The top 8 headlines you might have missed / Haaretz Newsline, August 20
From the world population becoming less religious, to the arrest of a Palestinian cell by Israel's Shin Bet; Haaretz.com brings you the top headlines you might have missed.
Hundreds of peoples watched the attempt to lynch Palestinians on Friday morning in Jerusalem, police representative told the Magistrate's Court Sunday. Dozens of Jewish youths attacked three young Palestinians in Zion Square in what one witness described on Facebook as "a lynch." Four minors between the ages of 13-15, including one girl, were arrested on Sunday in connection with the attack in which one victim was seriously injured and three others were slightly hurt.
Shin Bet security service and Israel Defense Forces recently uncovered a Palestinian terror cell suspected of plotting to attack Israeli troops guarding checkpoints, as well as allegedly planning to abduct soldiers or settlers. Four members of the cell, identified as activists in the Popular Front for the Liberation of Palestine, were arrested three months ago and indicted in an IDF court this week, a gag order lifted on Monday revealed.

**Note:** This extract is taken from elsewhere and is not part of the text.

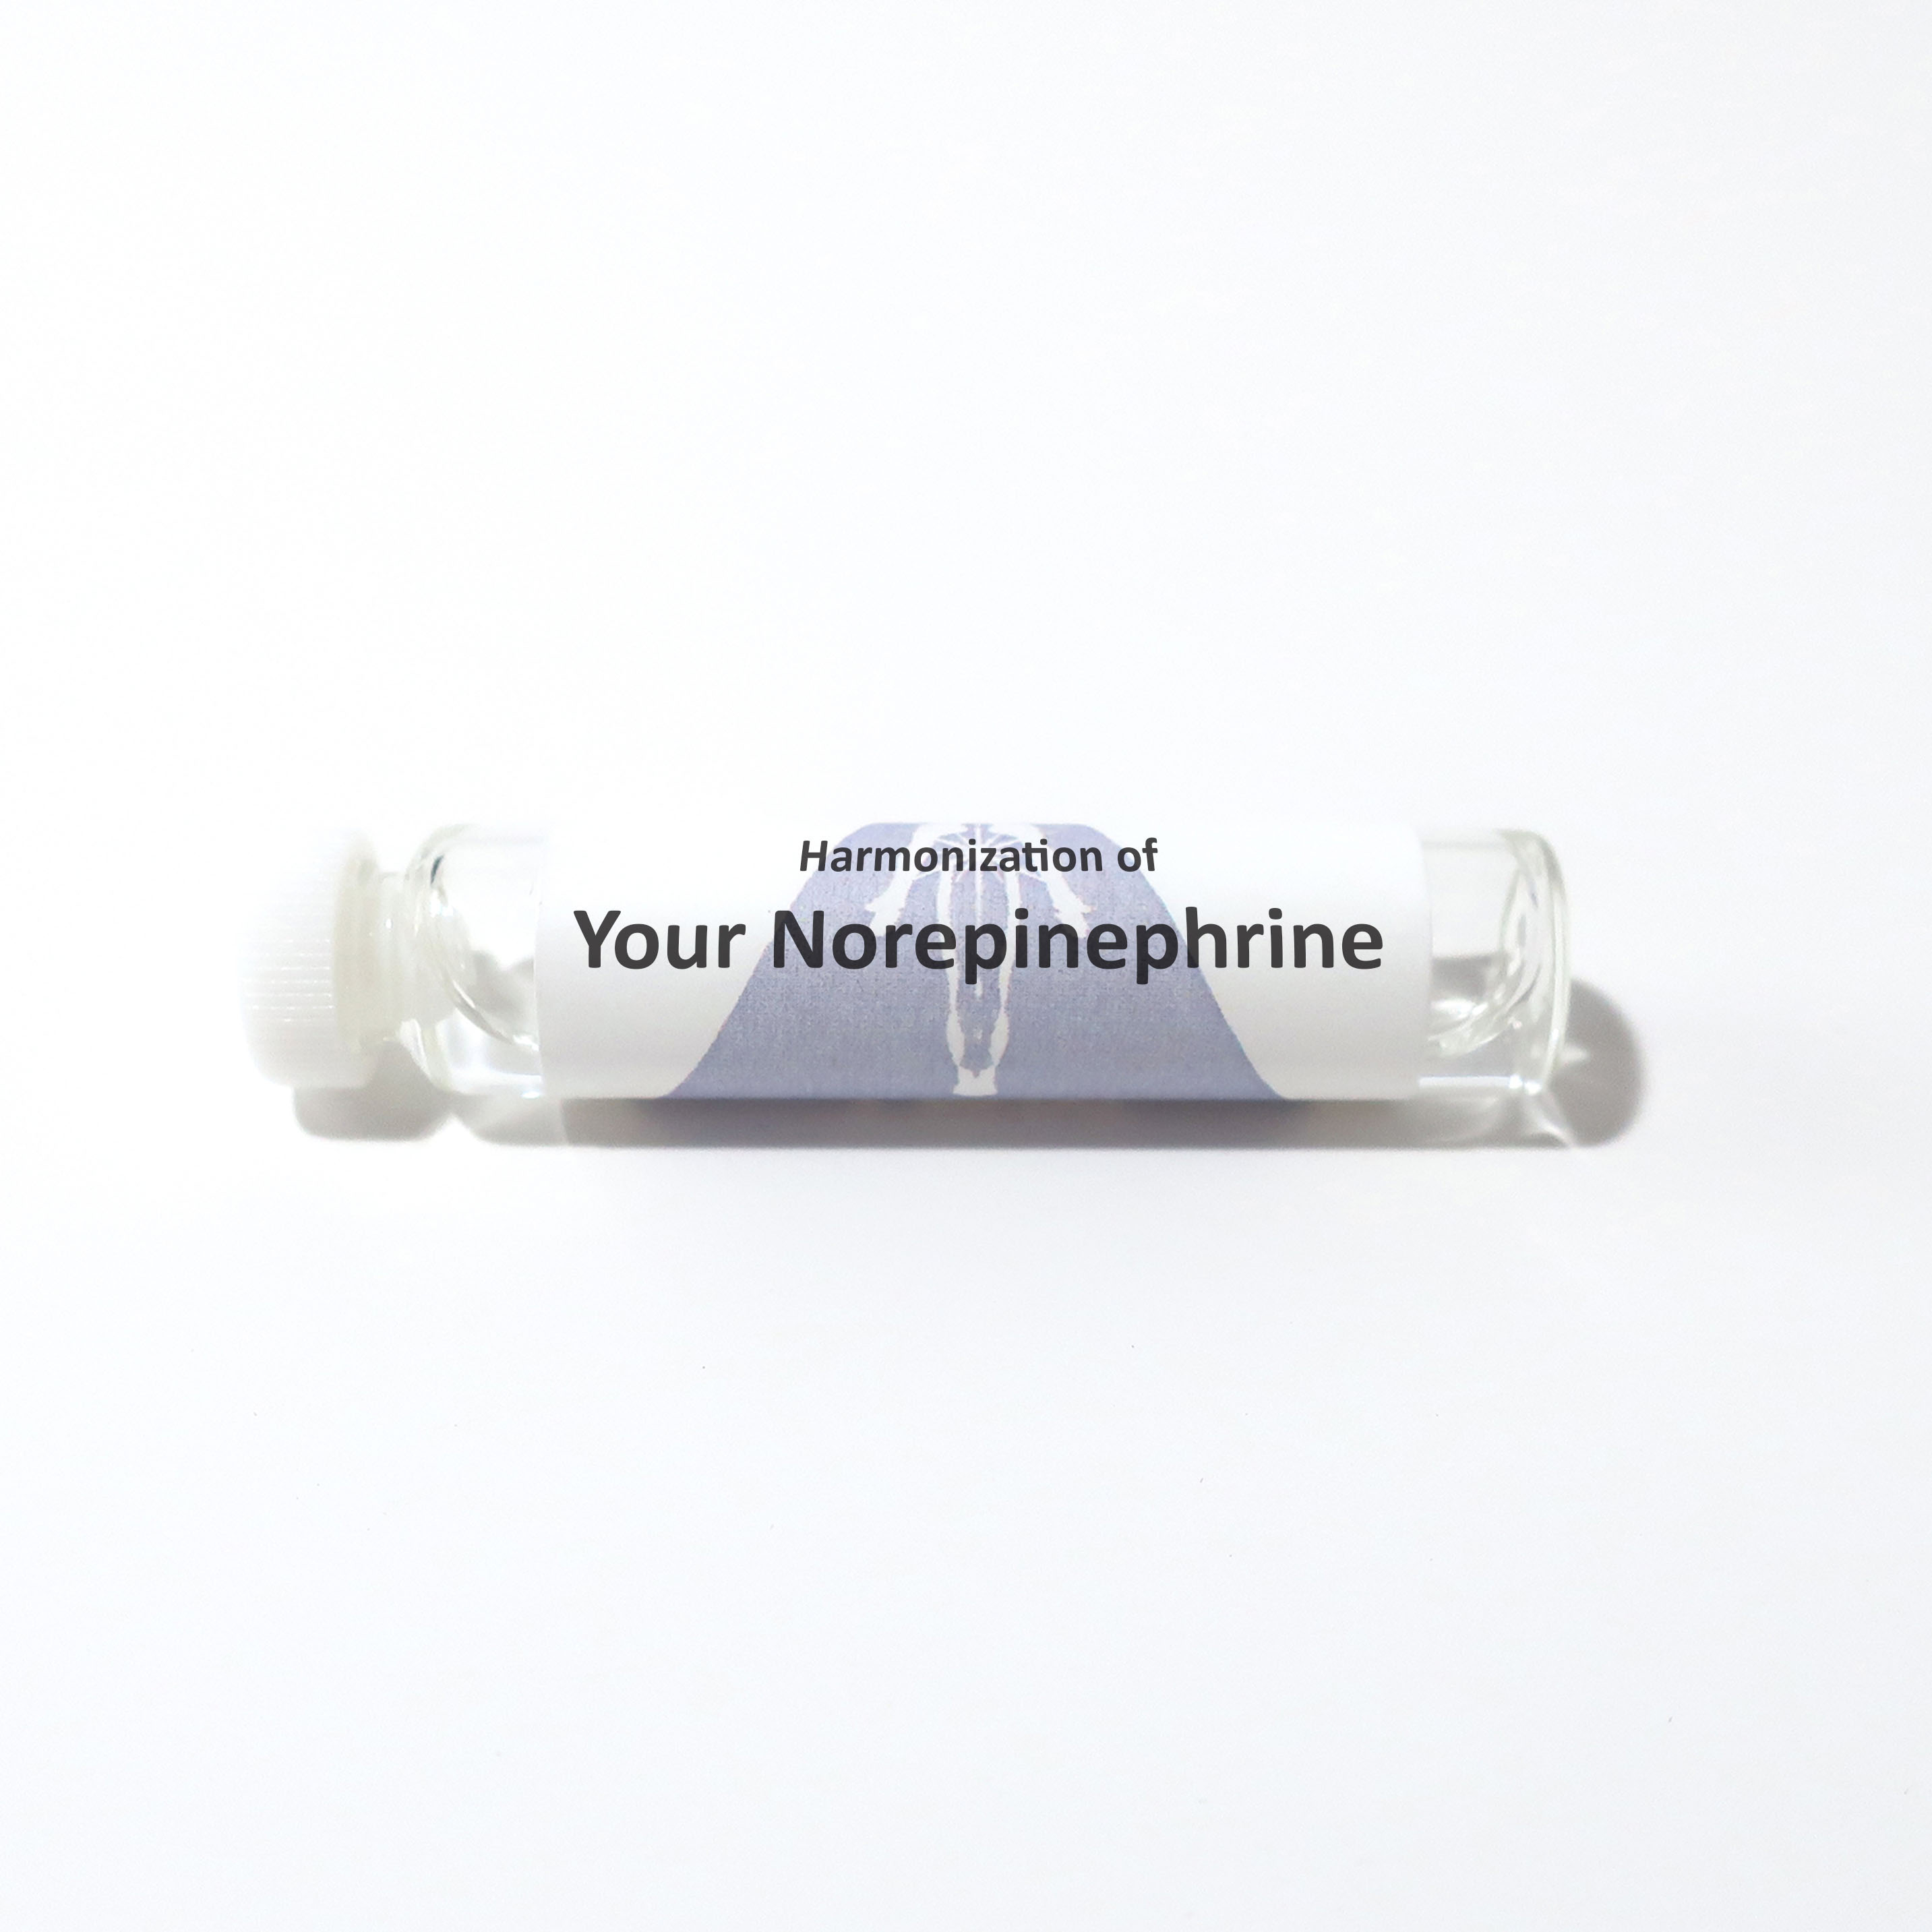 Your Norepinephrine

Israel's opposition head Shaul Mofaz sent Prime Minister Benjamin Netanyahu a letter on Monday demanding an urgent meeting on the Iranian issue. According to law, the prime minister must brief the opposition head on a monthly basis.
An Iron Dome anti-missile system battery was deployed Sunday outside Israel's southernmost city of Eilat, days after a rocket was fired at the city. On Friday, police located the remains of the Grad rocket, which was shot two days earlier.
In Syria, Intense fighting between rebels and Syrian regime forces killed six people on Monday, including two children and two women in the southern city of Dara'a, two rights groups said. The fighting comes on the second day of Eid al-Fitr, a major Muslim holiday that marks the end of the fasting month of Ramadan, and a day after the United Nation's new envoy to Syria acknowledged that he had no concrete ideas to end the conflict.
The Council of Presidents of Israeli Universities, which represents all of Israel’s research universities, filed a petition Monday in the High Court of Justice against the recognition of the Ariel University Center as a full-fledged university. The petition claims that the decision to make the Ariel institution a university is flawed.
Gas prices in Israel are ranked third in a list of 60 countries which was published on Bloomberg last week. Israeli drivers pay $9.28 a gallon for premium gasoline, compared to $4.89 in China and $3.75 in the United States. The survey noted that the Israeli government regulates the price of gasoline, and that taxes typically make up about half the cost of a gallon of gas.
The world's population is becoming less religious, latest poll conducted by Gallup discovered. The survey shows a nine percent decline in believers compared with a similar survey conducted in 2005. Jews were found to be the least religious with only 38 percent of the worldwide Jewish population considers itself religious.